Bilingual evaluation understudy

To verify the effectiveness of our system from multiple aspects, we also use bilingual evaluation understudy (BLEU; Papineni et al., 2002), to evaluate the quality of answers. It measures the similarity between the predicted text and the reference text by comparing n-grams. BLEU consists of three main steps: n-gram extraction, precision calculation, brevity penalty, and aggregation, which is calculated as follows:

• 1.N-Gram Extraction: N-gram extraction extracting n-grams from both the reference texts and the candidate texts.

• Precision Calculation: The precision of n-grams of the candidate text is calculated compared to the reference text. The precision for each n-gram length n is given by Equation 19.

\begin{array}{l} P_{n} = \frac{\sum_{C \in C a n d i d a t e s} \sum_{n - g r a m \in C} min (C o u n t_{c l i p} (n - g r a m), C o u n t_{r e f} (n - g r a m))}{\sum_{C \in C a n d i d a t e s} \sum_{n - g r a m \in C} C o u n t (n - g r a m)} & (19) \end{array}

Count_clip(n−gram) is the clipped count of a particular n-gram in the candidate translation. Count_ref(n−gram) is the maximum count of a particular n-gram in the reference translation. Count(n−gram) is the total count of the n-gram in the candidate generation without clipping.

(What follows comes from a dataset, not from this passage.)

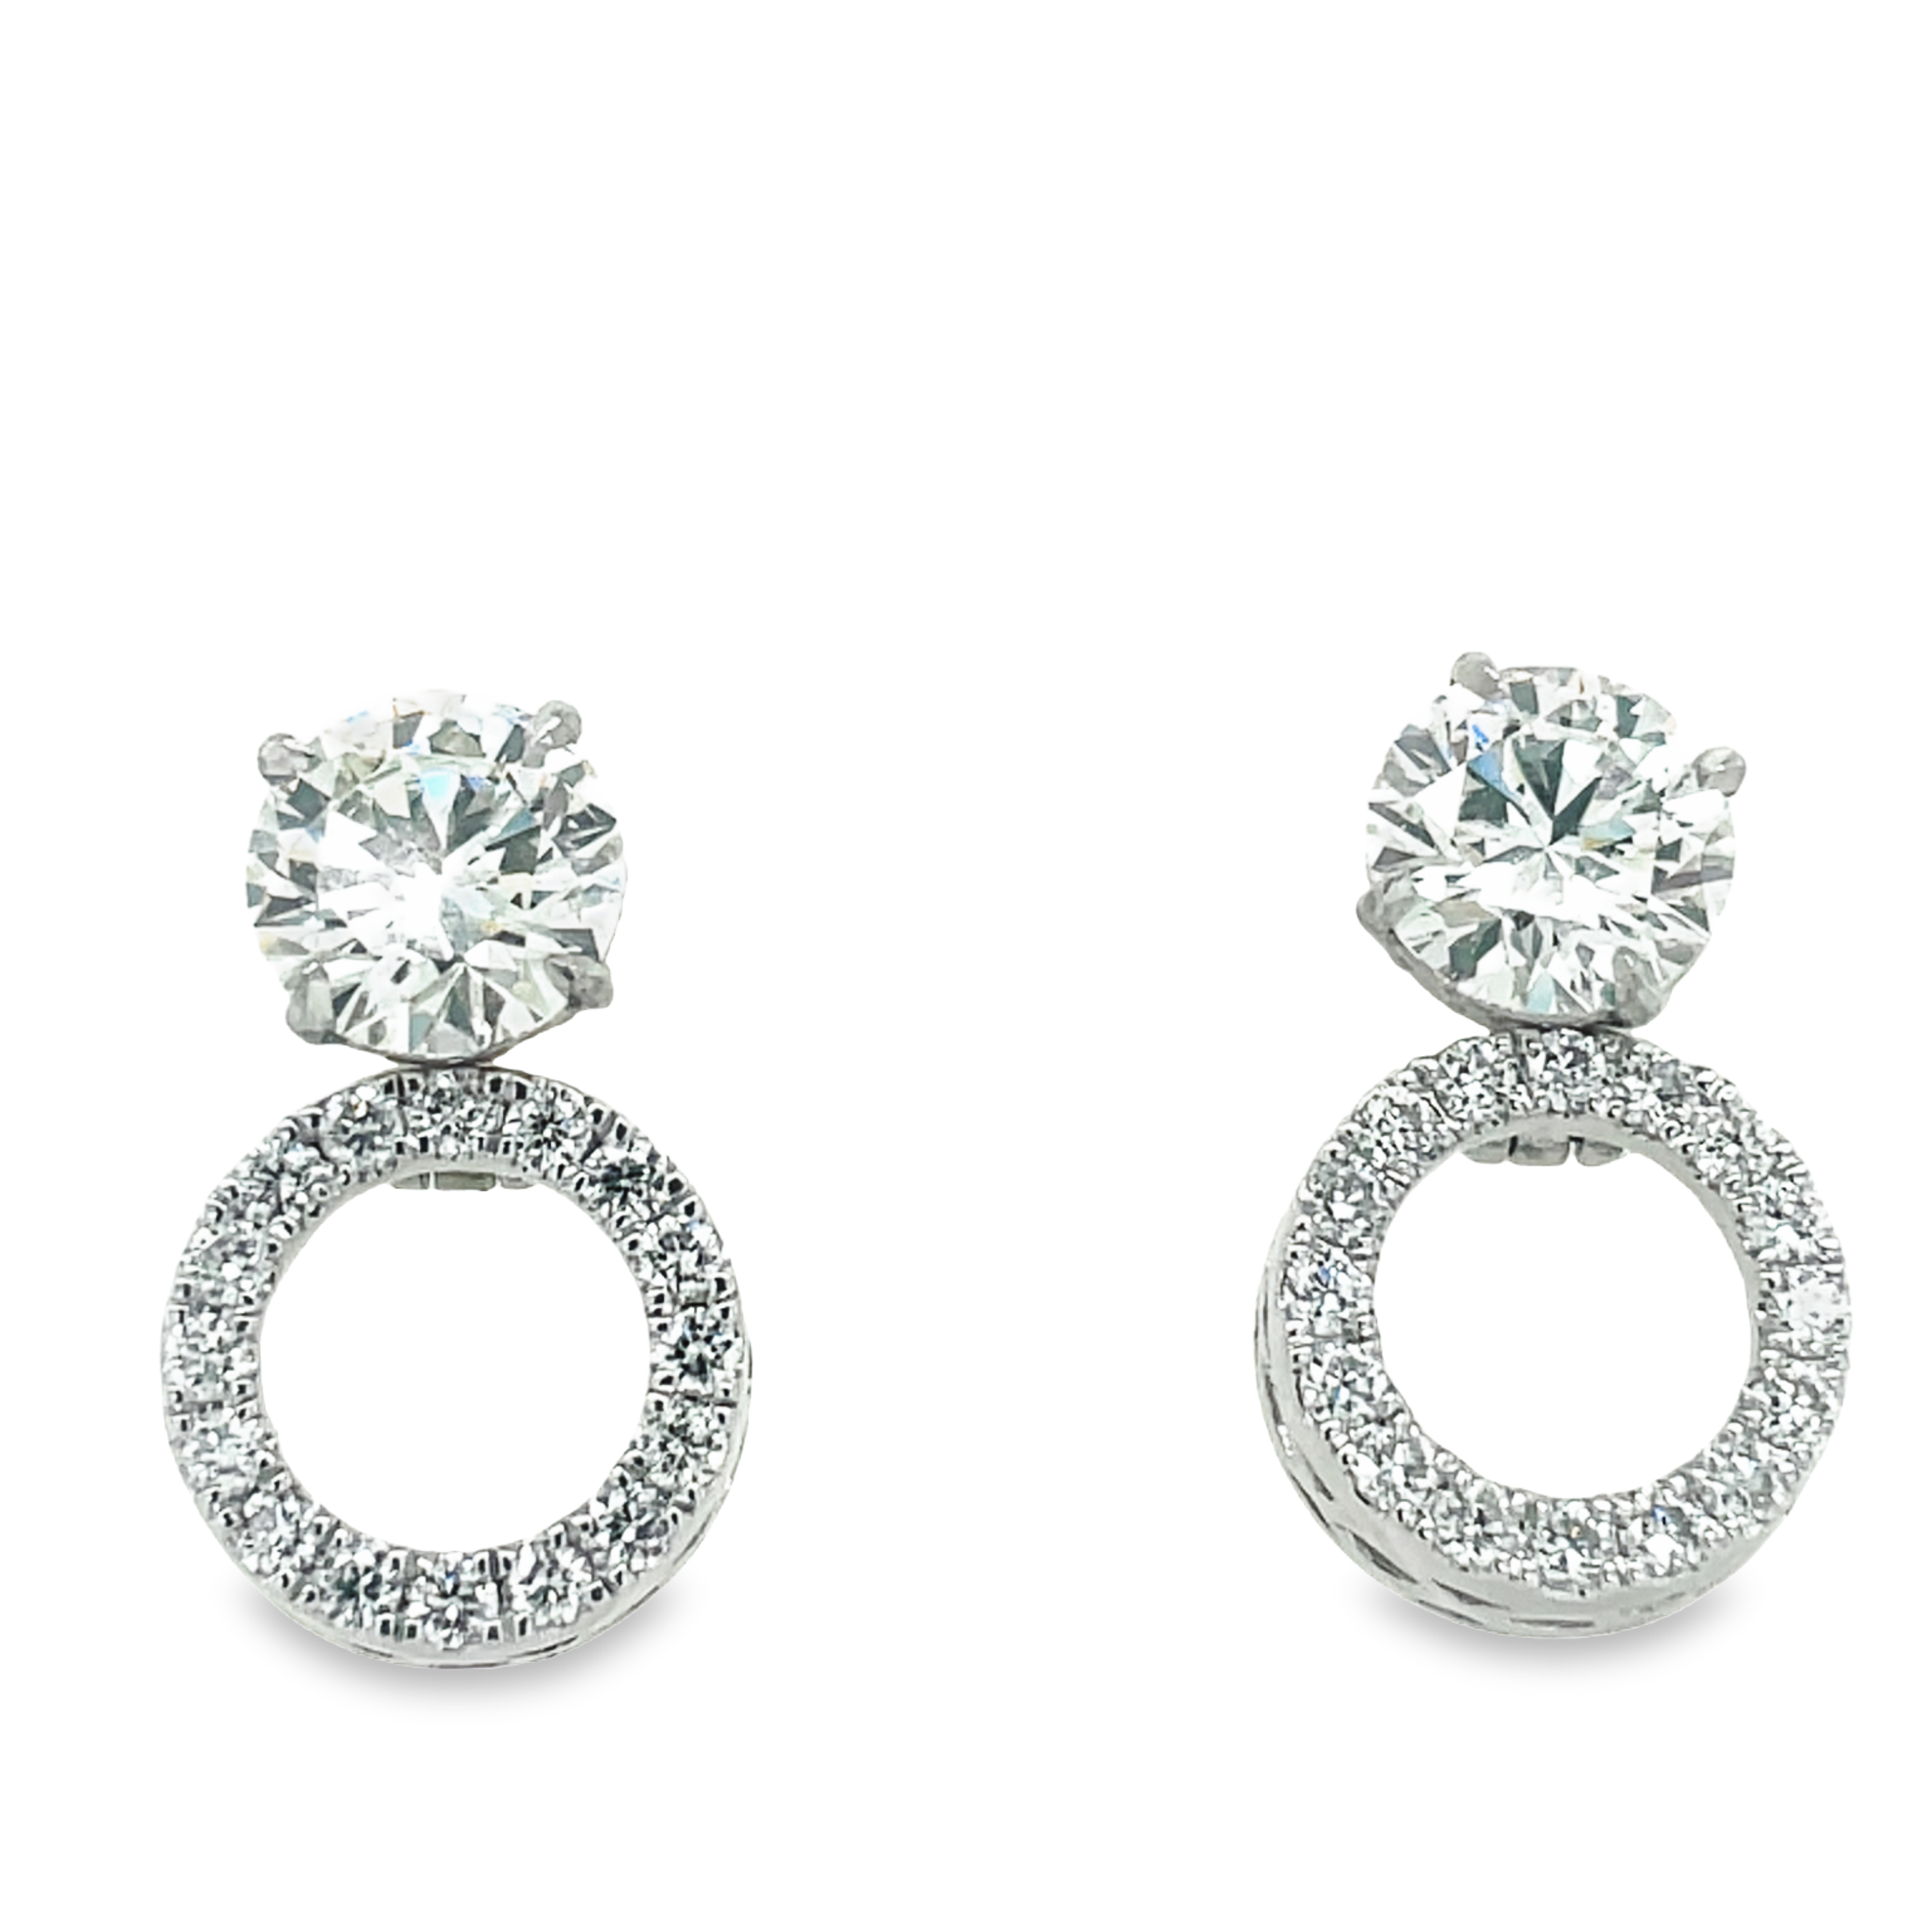 Discover maximum versatility with these round diamond-studded jackets. Crafted with 14k white gold these pieces feature only the finest quality diamonds in F/G grading and 0.90 carats of stunning round diamonds. Wear as a stud earring, or fold down the extender for a unique look. Diamond stud not included.

• Brevity penalty (BP): This process is designed to avoid favoring shorter generations. The BP calculation is defined in Equation 20.

\begin{array}{l} \begin{matrix} B P = {\begin{matrix} 1, i f c > r \\ e^{1 - \frac{r}{c}}, i f c \leq r \end{matrix} \end{matrix} & (20) \end{array}

where c is the length of the candidate text and r is the length of the reference text.

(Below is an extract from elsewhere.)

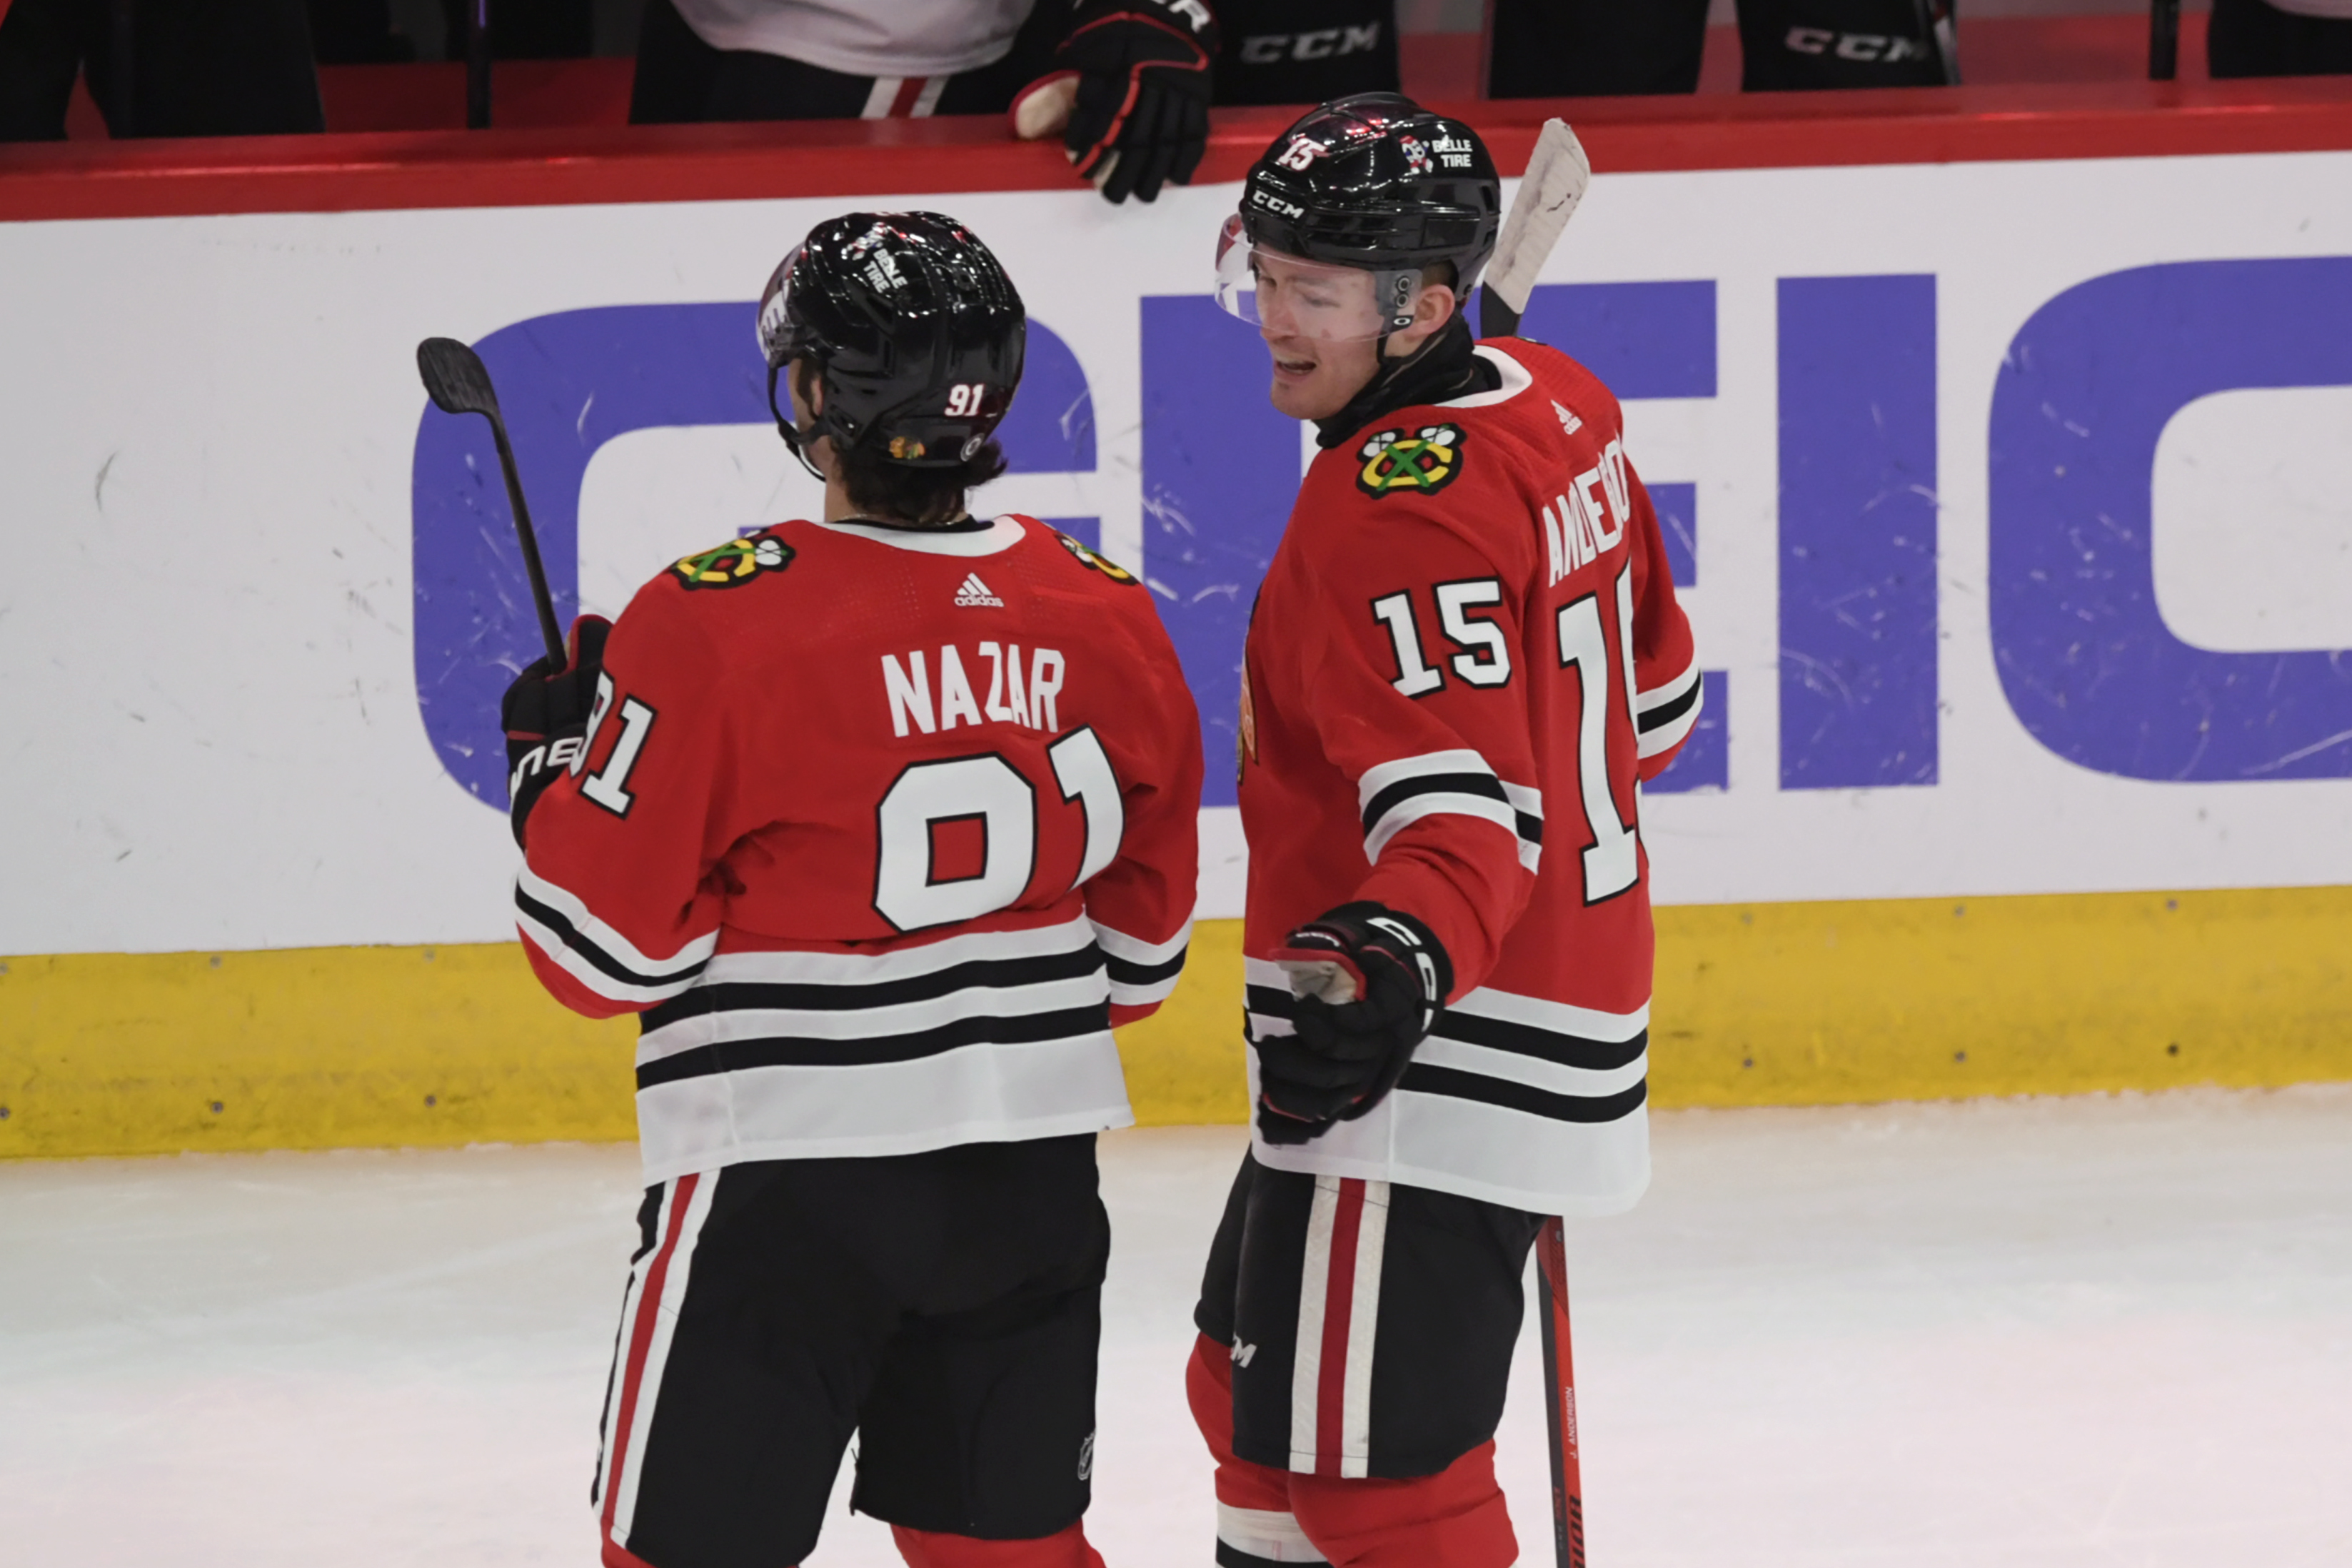 seth jarvis leads hurricanes past blackhawks 4-2 for 5th straight win

• Aggregation: The final BLEU score is computed in Equation 21.

\begin{array}{l} \begin{matrix} B L E U = B P \cdot \exp (\sum_{n = 1}^{N} w_{n} \log P_{n}) \end{matrix} & (21) \end{array}

where w_n is the weight for n-grams.

Human evaluation

We also choose a human evaluation approach to evaluate our system comprehensively. A total of 10 evaluators participated in this part, reviewing 100 educational answers for each model. A previous study on the evaluation of LLM generation (Shen et al., 2023; Evans et al., 2024; Yang et al., 2024) considers various factors, such as coherence, consistency, fluency, and relevance. As for our educational domains, mathematical computing and problem-solving tasks are also included in the dataset. To assess the ability of the system in these tasks, we added an additional factor, accuracy, so our human evaluation includes five factors:

• Coherence: Apply coherence to evaluate whether the contents flow logically.

• Consistency: Evaluate whether the answer remains as contradictory statements.

• Fluency: Assess the readability of the answer.

• Relevance: Determines the relevance between the answer and the reference text.

• Accuracy: Checks the accuracy of the answer in some specific mathematical questions.

Each factor scores on a scale of 0–2, where 0 represents the answer is bad or false, 2 represents a suitable and accurate answer, and 1 represents an unclear partially incorrect answer. Therefore, each sample can achieve a maximum score of 10. The final human evaluation scores in the experimental table are calculated. First, the scores for all five factors are summarized for each sample. Then, the average of these total scores for all samples is computed, and this averaged score represents the final evaluation for each model.

Baseline model

ChatGLM3-6b (Du et al., 2022) is selected as the open-source baseline model and fine-tuned with the dataset using techniques such as Freeze P-tuning-v2 (Liu et al., 2022b), and LoRA (Hu et al., 2022). CHAQS is used for the output of the model to provide quality responses.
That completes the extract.